• **Goal of the exercise**
Pictures in the data should be dropped; transcribe exactly the lines from the one that has "Old French copper" through the one that has "The measurements are".

• **Entries supplied**
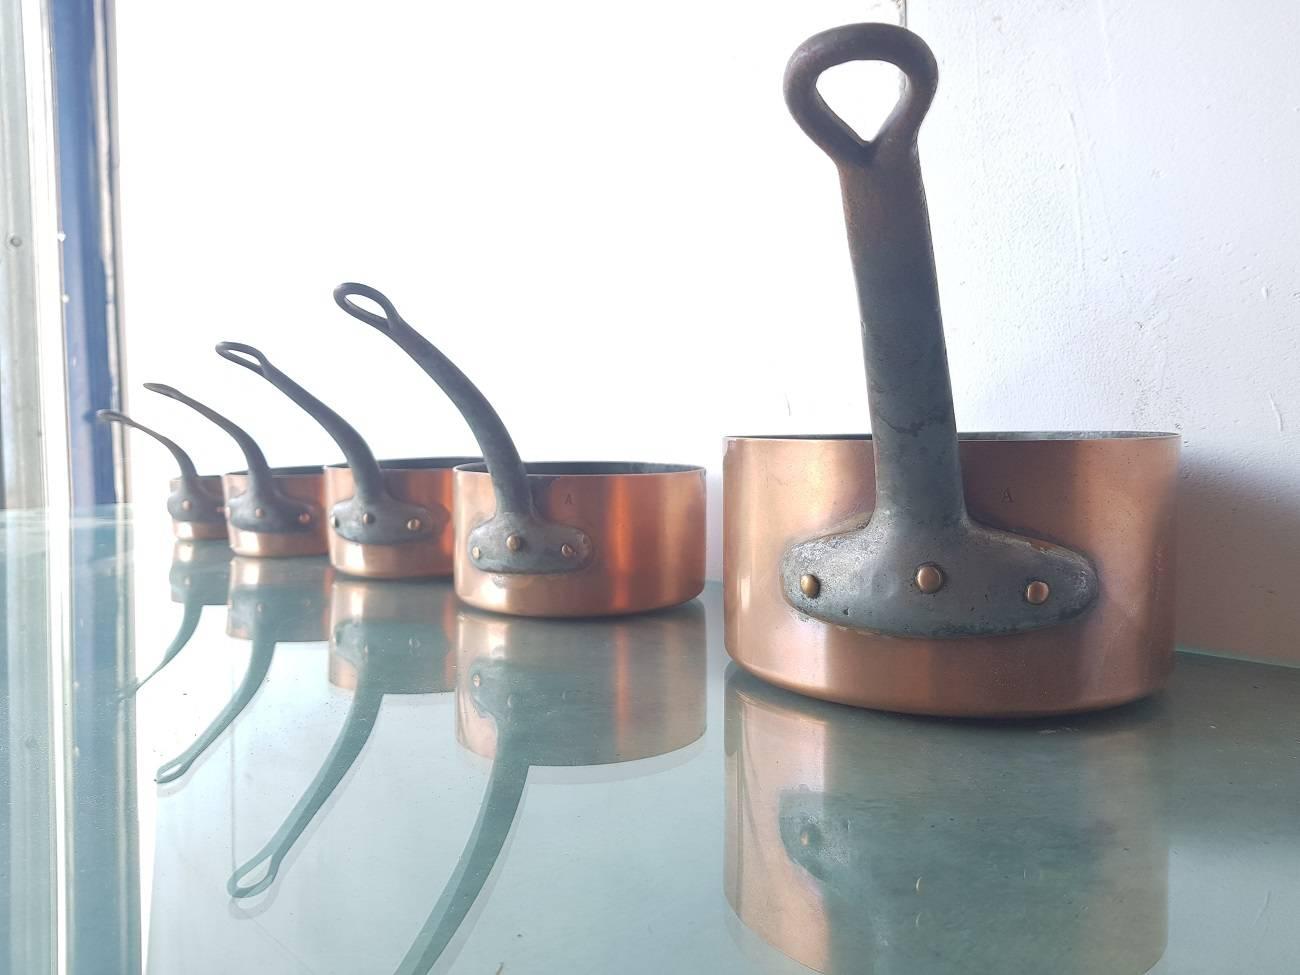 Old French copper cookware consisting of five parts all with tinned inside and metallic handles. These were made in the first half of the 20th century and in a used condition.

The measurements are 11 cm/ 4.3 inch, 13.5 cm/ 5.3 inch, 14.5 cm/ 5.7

--

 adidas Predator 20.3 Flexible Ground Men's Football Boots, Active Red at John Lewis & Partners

* * *

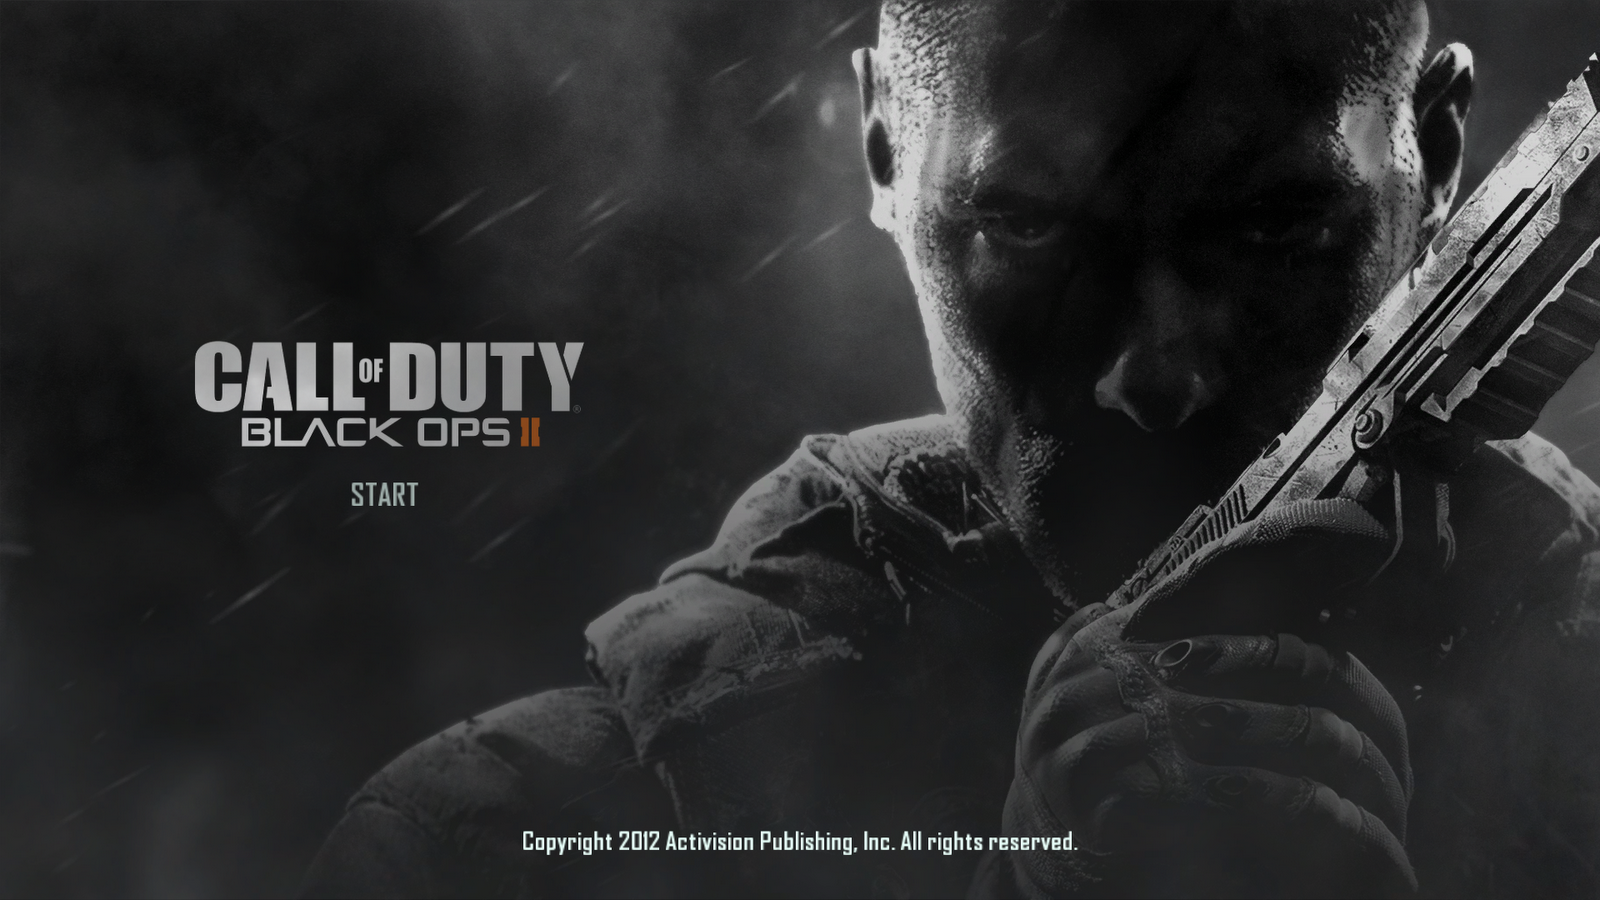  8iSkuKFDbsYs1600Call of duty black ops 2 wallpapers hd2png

• **Task answer**
 Old French copper cookware consisting of five parts all with tinned inside and metallic handles. These were made in the first half of the 20th century and in a used condition.

The measurements are 11 cm/ 4.3 inch, 13.5 cm/ 5.3 inch, 14.5 cm/ 5.7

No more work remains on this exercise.